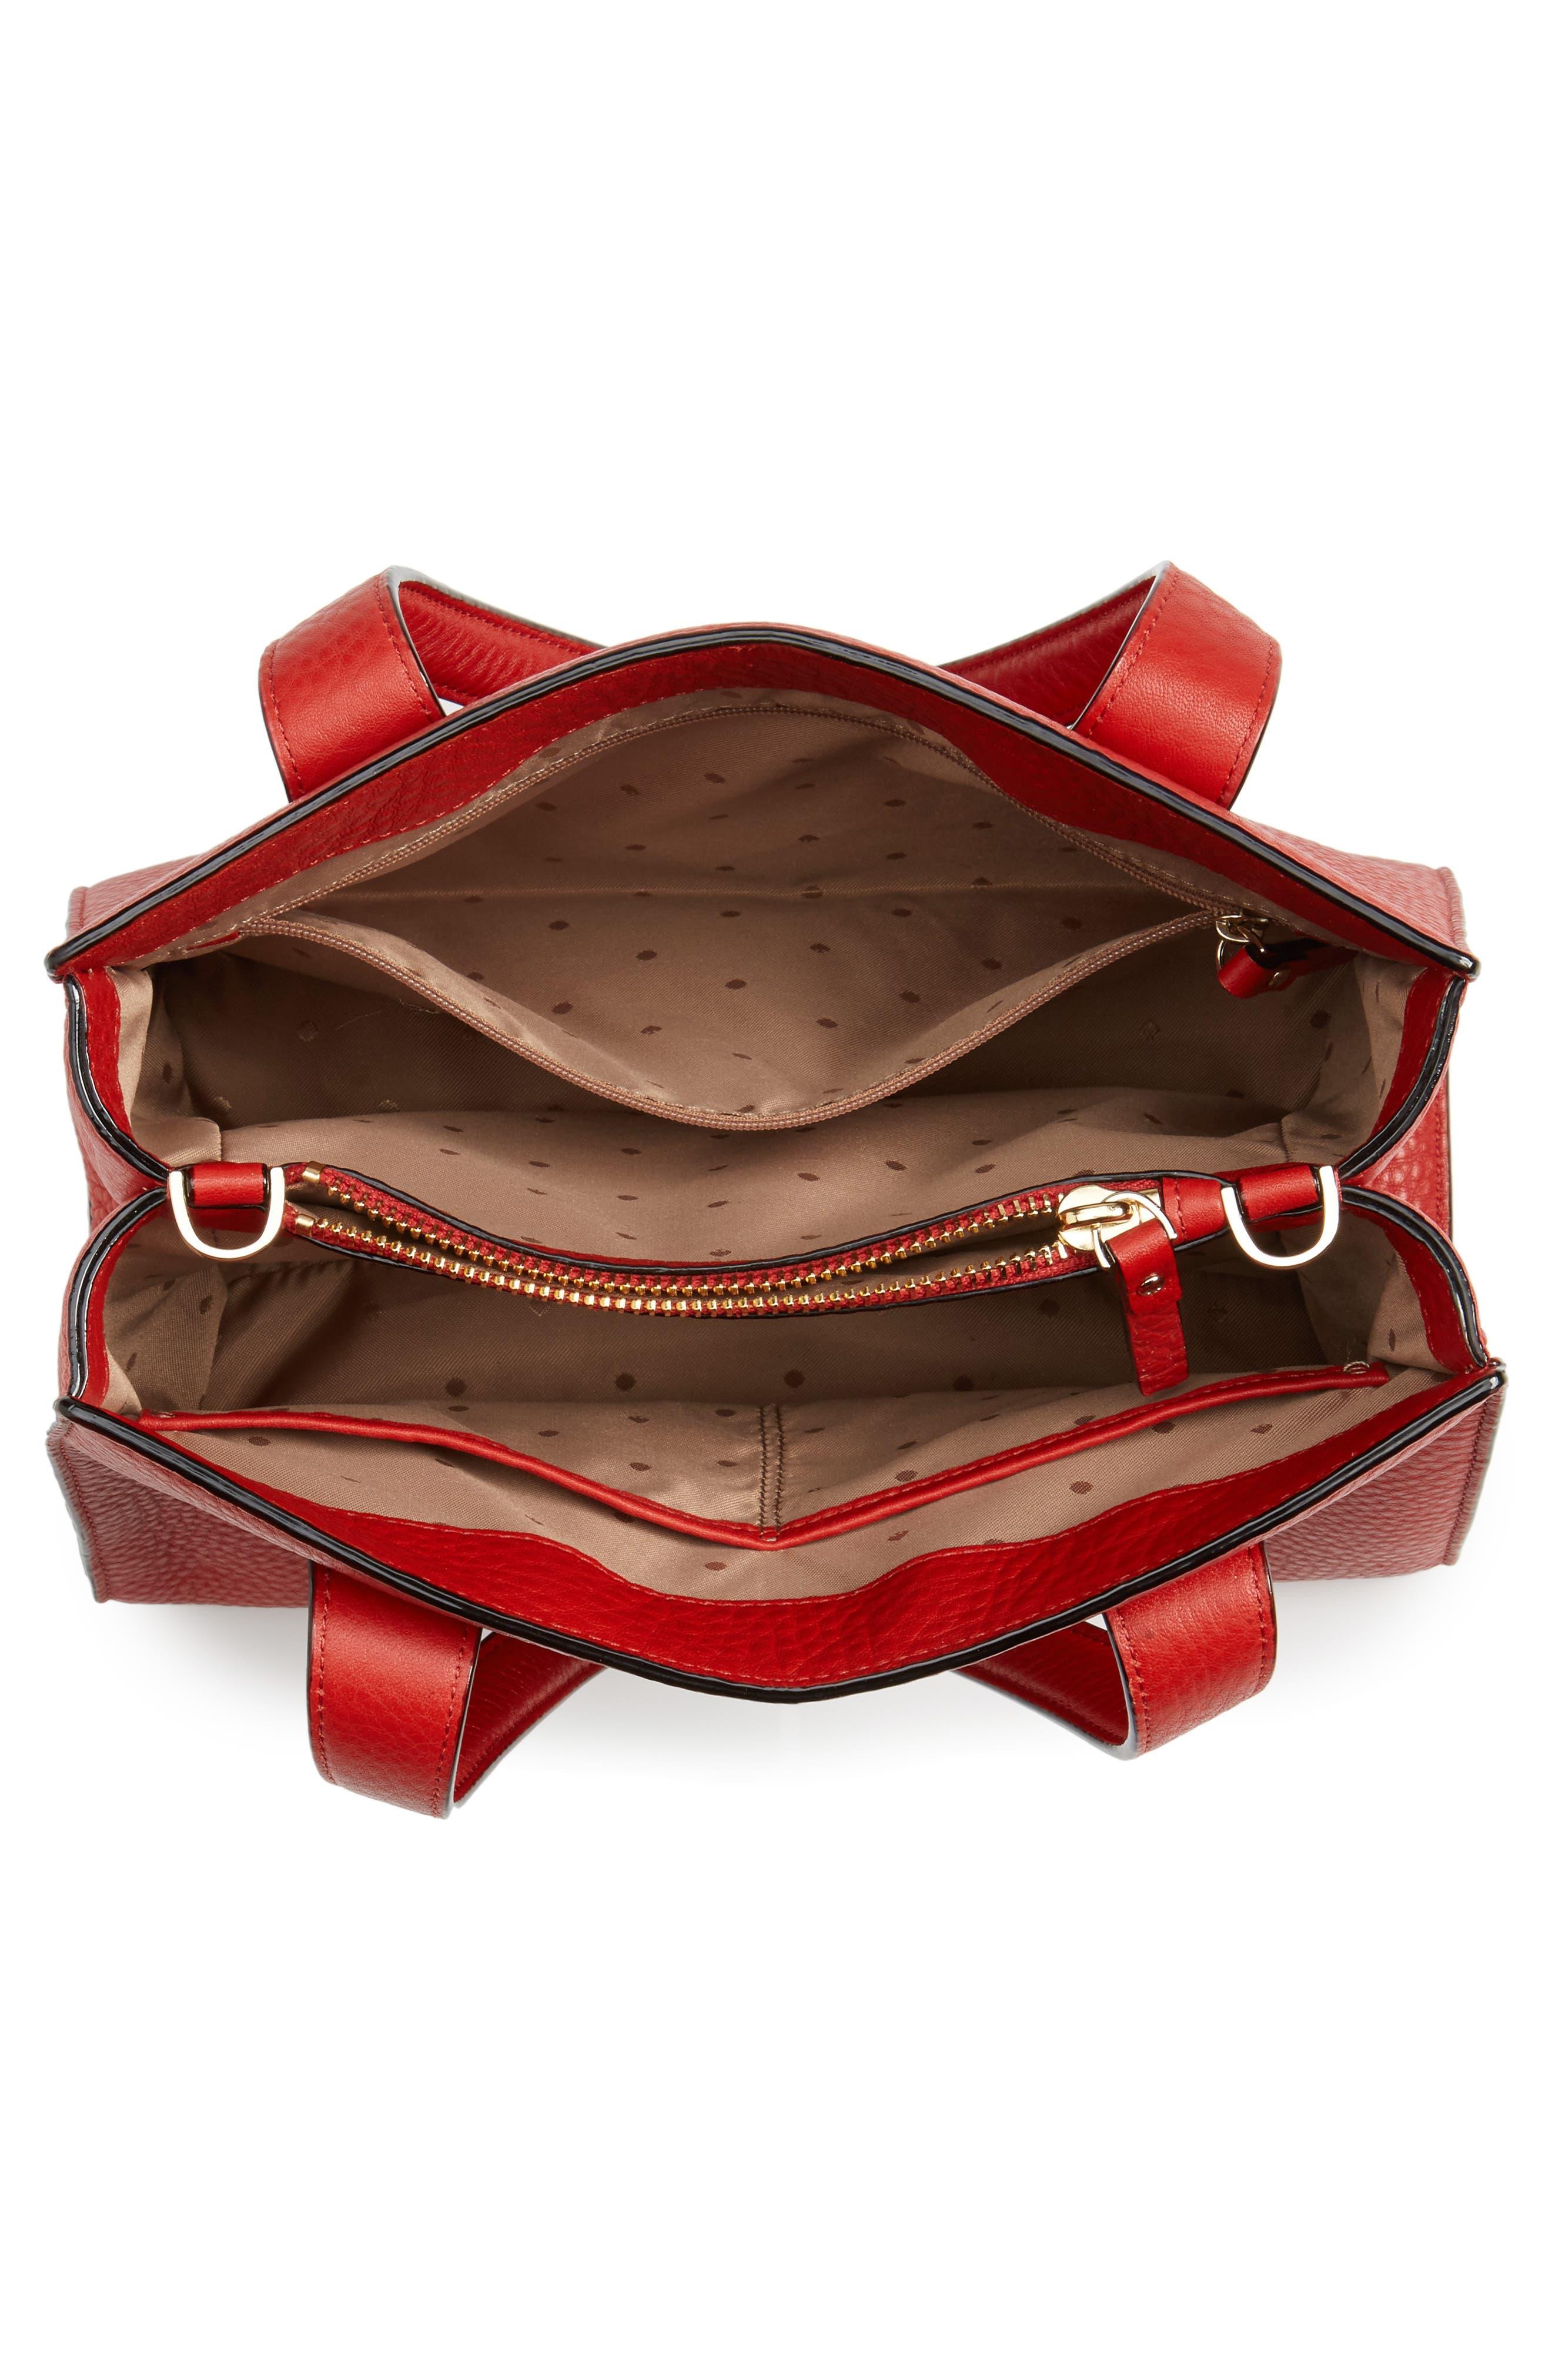 stewart street - little joy leather satchel,                             Alternate thumbnail 3, color,                             631
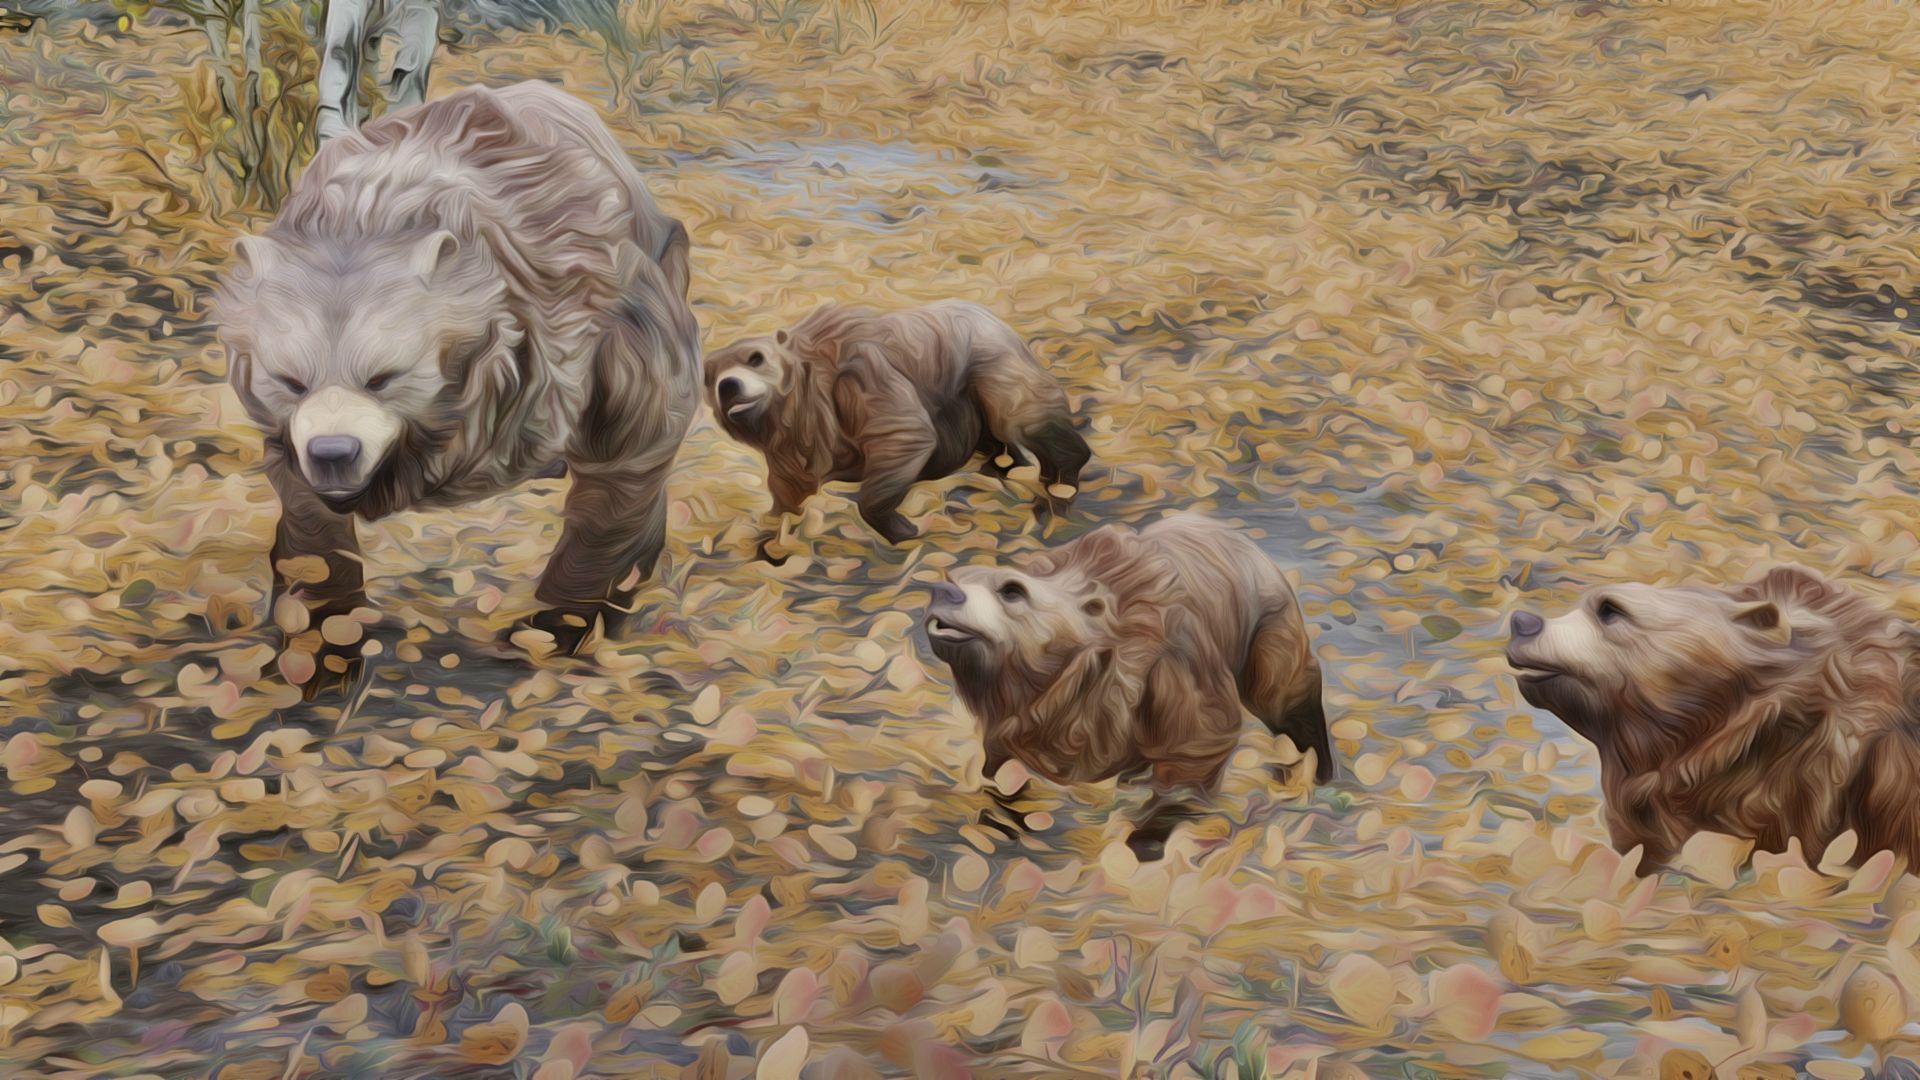 A Family of Bears - oil filtered Skyrim
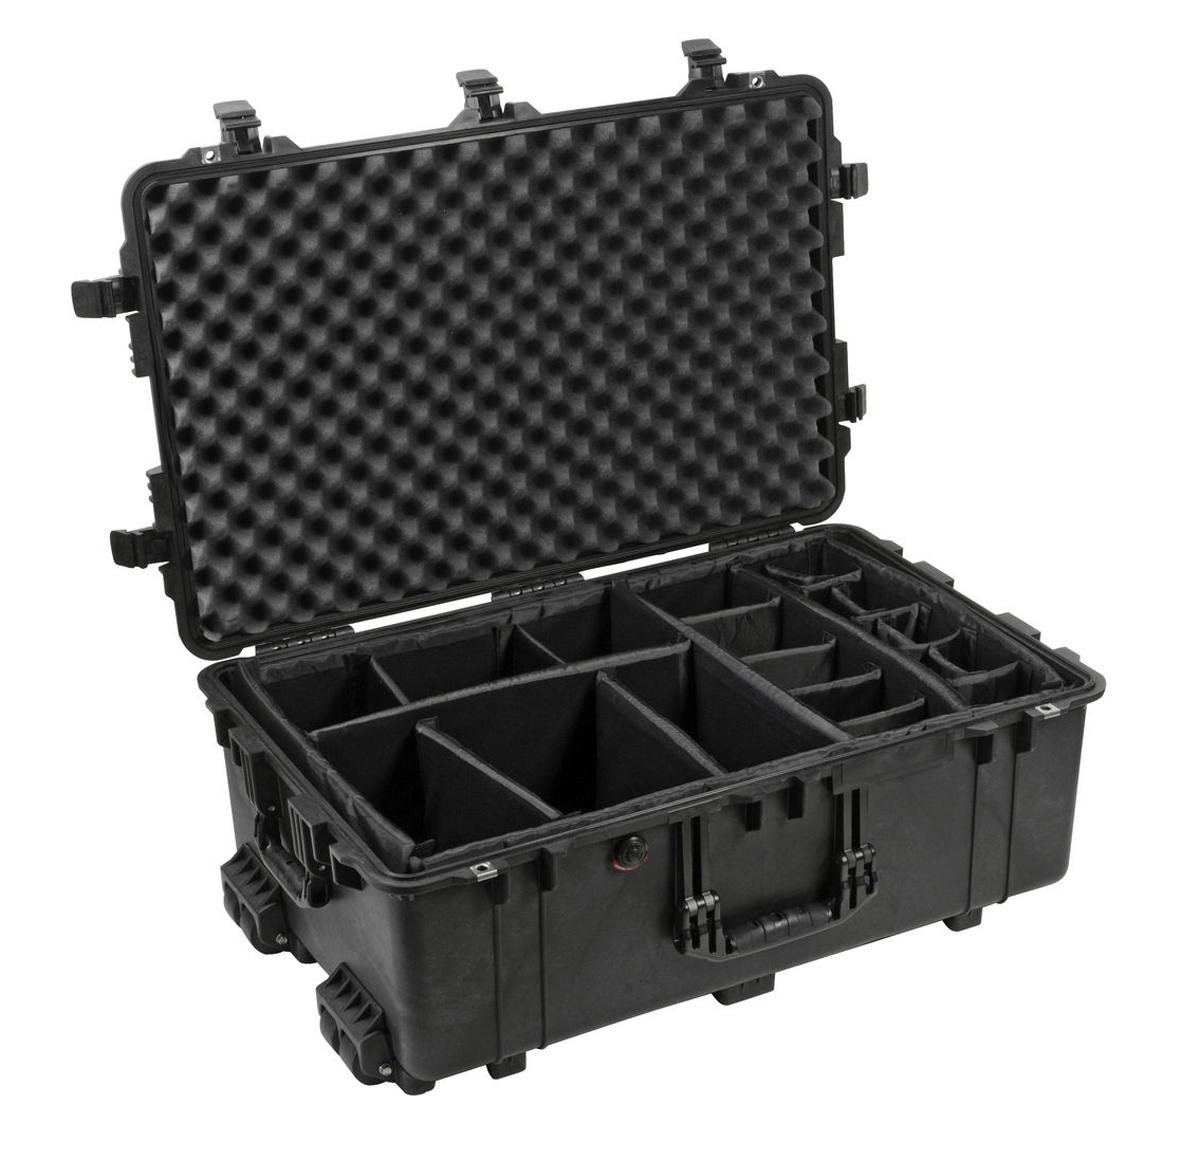 pelican 1650b watertight hard case w padded dividers wheels black ebay. Black Bedroom Furniture Sets. Home Design Ideas

* YOUR GOAL *
The result should be a transcript of the lines from the line containing "A Family of Bears - oil filtered Skyrim" through the end of the listing above, exact, inclusive, and without pictures.

* TASK OUTPUT *
 A Family of Bears - oil filtered Skyrim
 pelican 1650b watertight hard case w padded dividers wheels black ebay. Black Bedroom Furniture Sets. Home Design Ideas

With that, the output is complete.